Бухман молча попыхивал сигарой – как же он далеко ушел сейчас от этого своего «гах-гах-гах».
– Если говорить о Гопкинсе… – наконец произнес Бухман, речь вернулась к нему не без труда. – Он уже сделал карьеру, и у него нет необходимости быть Морганом. Гарри, если говорить откровенно, белая ворона, и я могу на него не походить, оставаясь между тем человеком честным…
– А если бы… не сделал карьеру?..
– Именно Гопкинс?
– Да, Гопкинс.
Бухман вдруг засмеялся нехрабрым смехом человека, для которого разговор становится неловким.
– Вы хотите спросить: «В этом различие между вами и Гопкинсом?» Угадал я?
– Допускаю.
– И еще вы хотите спросить: «Если наше отношение к частному предпринимательству и собственности столь различно, не конъюнктурен ли наш союз?» Хотите спросить?
– Возможно…
– Вот мой ответ, господин Бардин. Есть область, где наши интересы сближаются, – забота о послевоенной поре, поре, надеюсь, долгой, когда нам придется жить вместе… – Он вдруг вернулся к столу и, взяв бутылку с водкой, вынес ее к окну, за которым заметно померк и без того неяркий апрельский день. – Могу я надеяться, господин Бардин, что этот разговор не отразится на нашей дружбе?

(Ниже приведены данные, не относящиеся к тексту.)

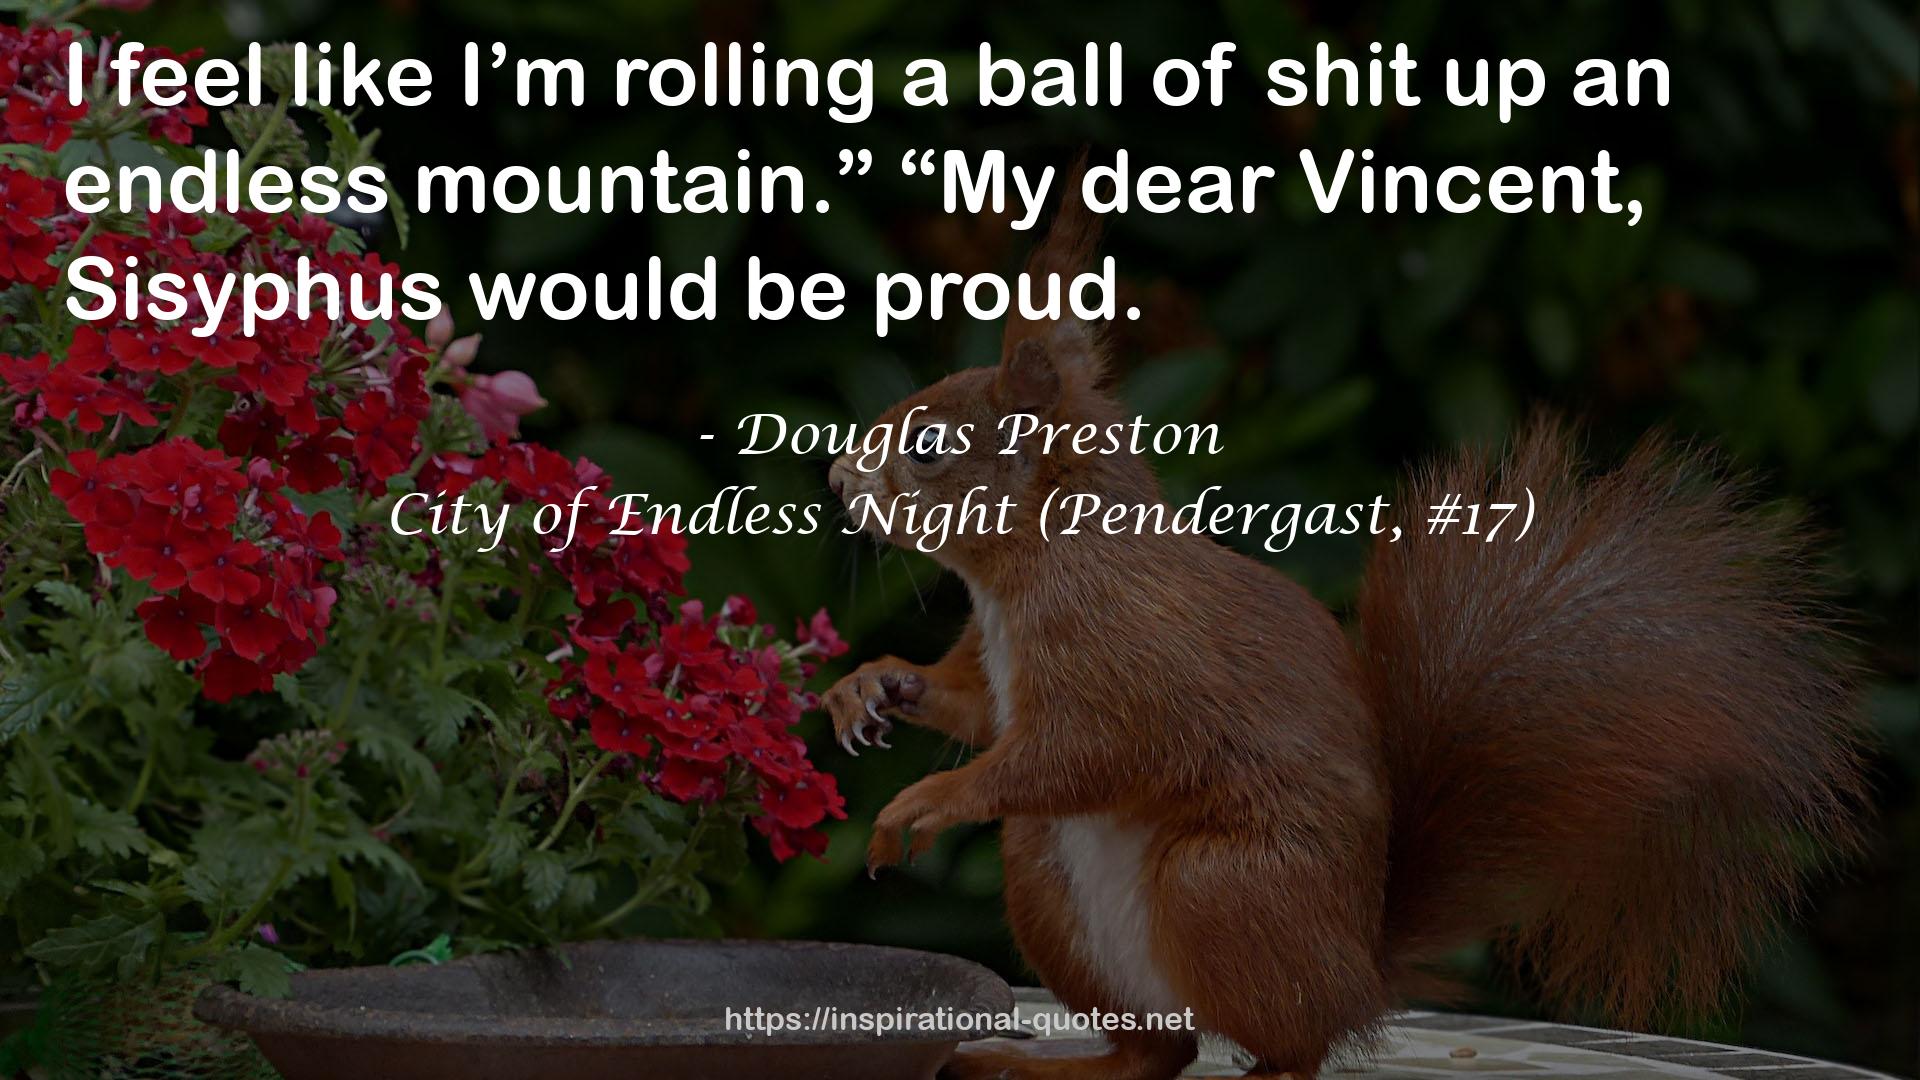 City of Endless Night (Pendergast, #17) QUOTES

– Несомненно, господин Бухман…
– Ну, тогда я полагаю, что у нас есть повод выпить…
– Да, конечно…
Бардин поднялся к Пушкинской площади, предполагая добраться до большого дома на Кузнецком бульварами и Варсонофьевским – его нелегкой мысли необходимо было расстояние. Он не думал, что Бухман сегодня кривил душой, хотя, если бы американец мог предугадать реакцию Бардина, он, возможно, повел бы разговор иначе. В мире птиц с едва не сажисто-черным оперением Гопкинс действительно выглядит птицей светлой, но натуру Бухмана это может и не объяснить. Допустив, что в природе существует американский либерал, да, тот самый американский либерал, который сегодня за дружбу с Россией, мы тем не менее должны признать, что Бухман к этому либералу ближе, чем Гопкинс. А коли ближе, то его, Бухмана, не надо идеализировать, как, впрочем, нет необходимости идеализировать и Гопкинса. Он по сути своей буржуа, этот либерал, хотя нередко и буржуа в перспективе. Он хочет быть богатым, этот либерал, и это надо видеть. Мешает ли это его дружбе с Россией? Возможно, и нет, хотя иметь в виду это надо, постоянно иметь в виду. Но вот вопрос: зачем приехал Бухман в Россию? Не затем же, чтобы сказать, где кончается Гопкинс и начинается он, Бухман? Но для этого дорога бульварами, которую выбрал Бардин, пожалуй, коротка – ответ, который стремился отыскать Егор Иванович, лежит дальше, много дальше.
23
Бардин вернулся домой, когда Ольга уже спала. Егор Иванович не без печали заметил: с тех пор как она связала свою судьбу с Баковкой, она ложилась до того, как муж вернется, и покидала дом задолго до того, как он встанет. Как ни крути, но сбылось худшее.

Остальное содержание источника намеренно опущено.